1. ## Prove that an equation with a zero divisor can't have a unique solution

Let R be a commutative ring, and suppose b is a zero divisor in R. Let c be any element in R. Prove that the equation bx = c can never have a unique solution in R. (If it has any solution, there is more than one solution.)

I know that if b is a zero divisor, there must be some c != 0 in R where bc = 0, and that you can't cancel a zero divisor from a product. I guess that if there is a solution to bx = c, there must also be a y such that by = c, where x != y. I could set the two equal to each other: bx = by, and then simplify to b(x-y) = 0. I'm not sure where to go from here, or even if this was the right way to start the proof.

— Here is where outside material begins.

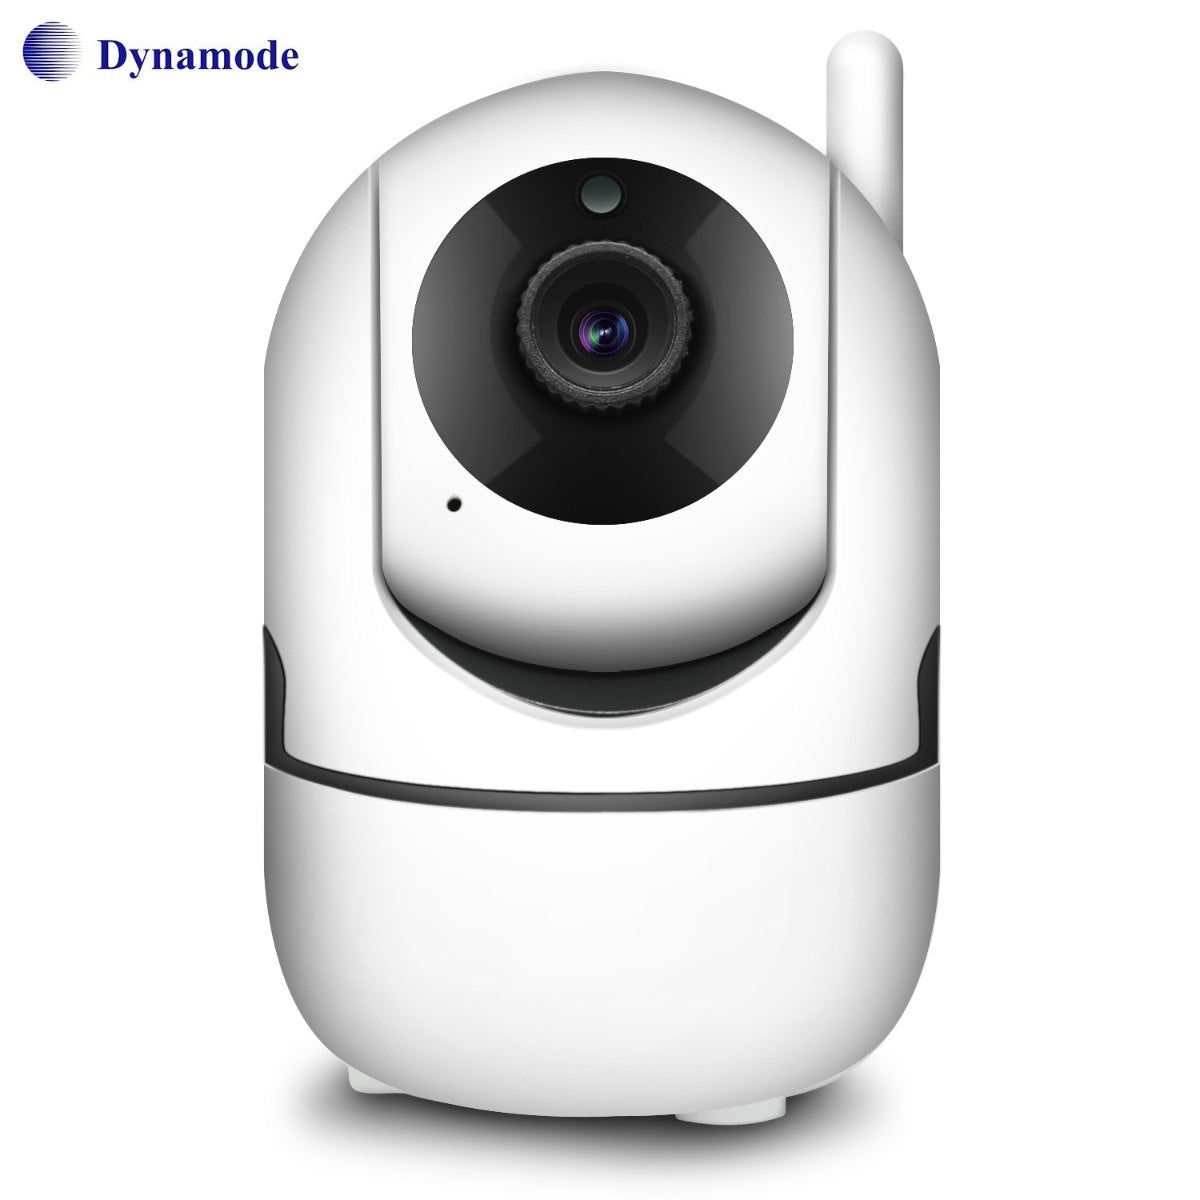 Dynamod 360 degree wide-angle camera

2. I guess that if there is a solution to bx = c, there must also be a y such that by = c, where x != y. I could set the two equal to each other: bx = by, and then simplify to b(x-y) = 0.
Note that assuming that there is another solution y besides x would not work in the final proof because the existence of this y is precisely what you need to prove. In the initial attempt, however, it is fine to assume that such y exists in order to see what properties it must have. So you concluded that b(x-y) = 0 must hold. Can it in fact hold since b is a zero divisor?

3. Originally Posted by emakarov
So you concluded that b(x-y) = 0 must hold. Can it in fact hold since b is a zero divisor?
x-y would also have to be a zero divisor, right? Still, I really have no idea where to start with this proof.

4. Originally Posted by uberbandgeek6
x-y would also have to be a zero divisor, right? Still, I really have no idea where to start with this proof.
So, consider b and x fixed but y a variable.

bx = by iff b(x-y) = 0

because b is a zero divisor there exists y != x such that b(x-y) = 0. (From the definition of zero divisor, there exists a != 0 such that ba = 0; so let y = x-a.) Thus there exists y != x such that bx = by.

Putting the pieces together, if bx = c has a solution, then there exists y != x such that bx = by = c.